● **Data supplied**:
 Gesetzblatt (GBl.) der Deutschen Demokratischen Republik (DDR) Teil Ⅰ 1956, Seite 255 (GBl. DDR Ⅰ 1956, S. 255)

---

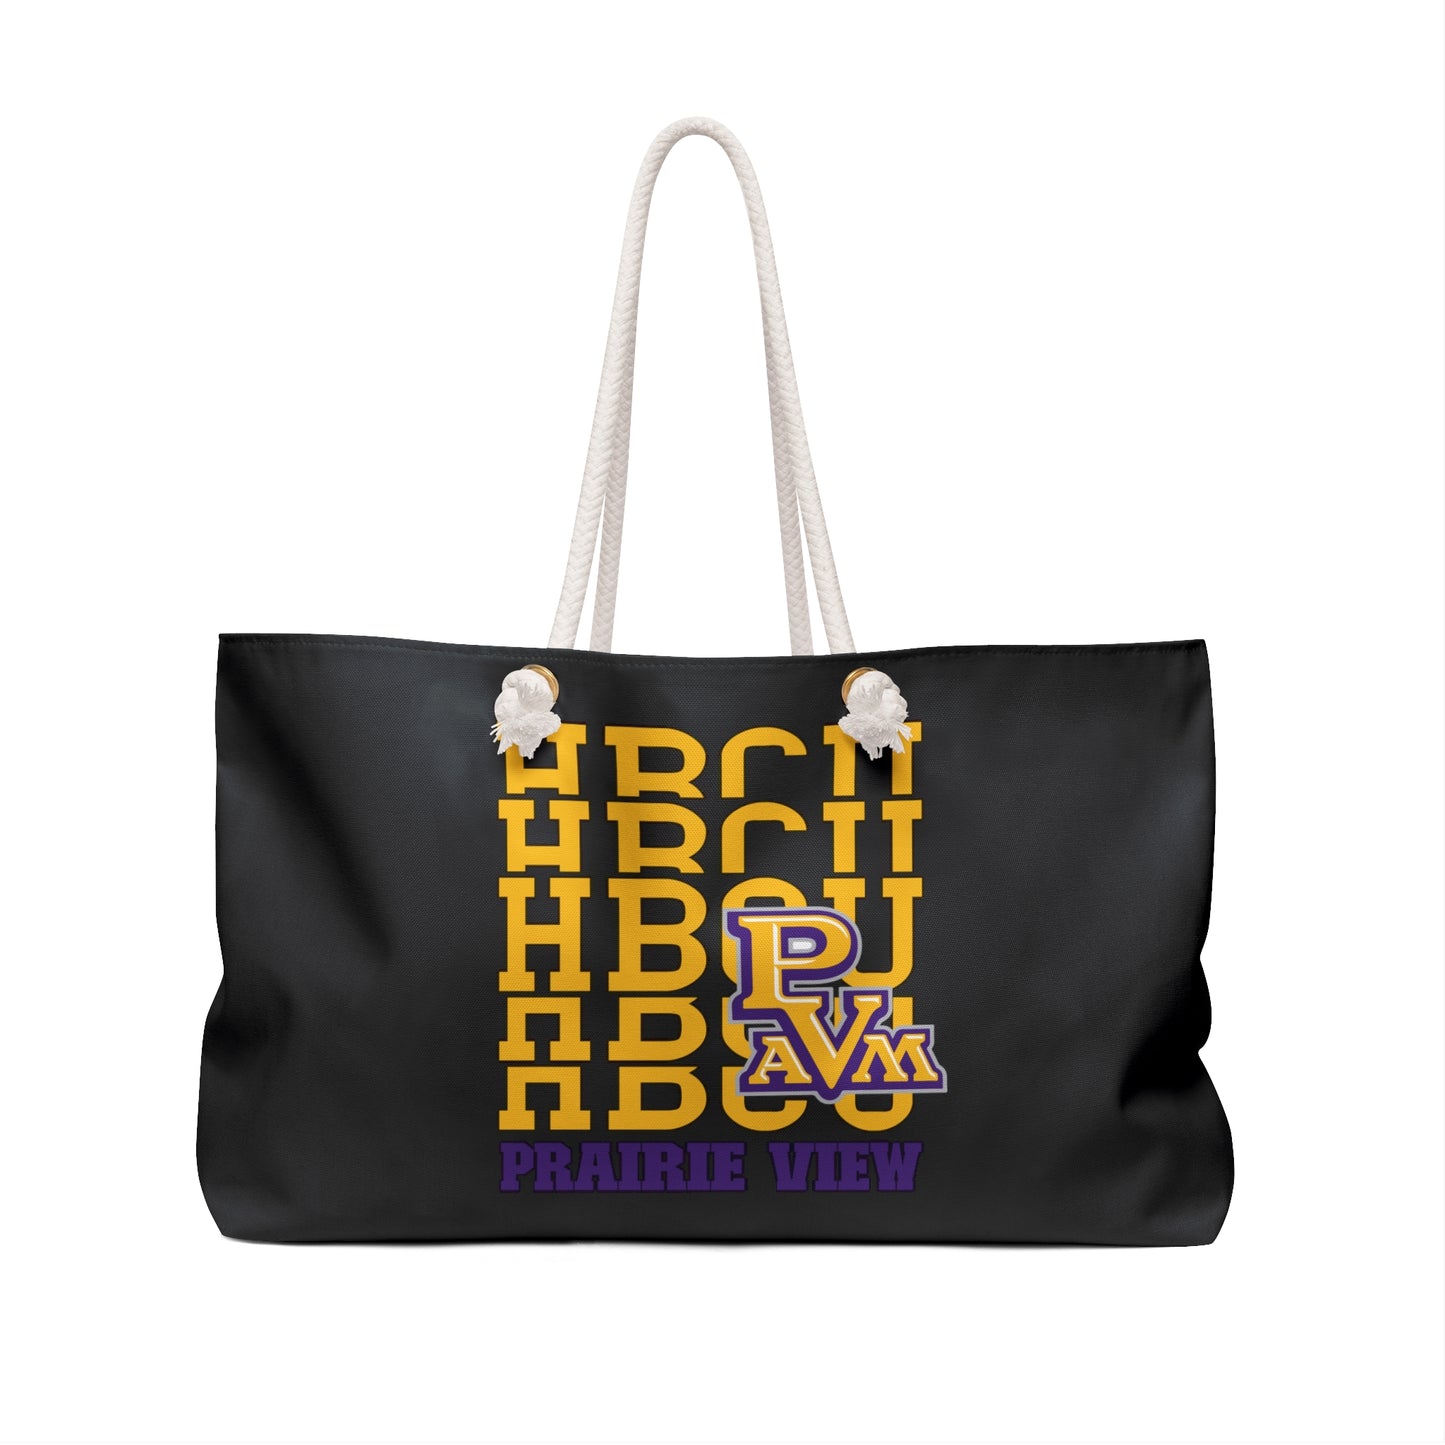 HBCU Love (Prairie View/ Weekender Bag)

---

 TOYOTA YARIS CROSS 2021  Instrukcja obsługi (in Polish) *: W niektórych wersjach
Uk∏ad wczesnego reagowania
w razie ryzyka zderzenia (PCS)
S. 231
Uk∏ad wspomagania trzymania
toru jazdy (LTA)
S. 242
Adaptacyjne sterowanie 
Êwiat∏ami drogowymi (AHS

● **Exercise directions**: Copy the stretch of the records above that runs from the line with "toru jazdy (LTA)" through the line with "Êwiat∏ami drogowymi (AHS". Both end lines belong in the copy, and nothing else does.

● **Solution for this problem**:
toru jazdy (LTA)
S. 242
Adaptacyjne sterowanie 
Êwiat∏ami drogowymi (AHS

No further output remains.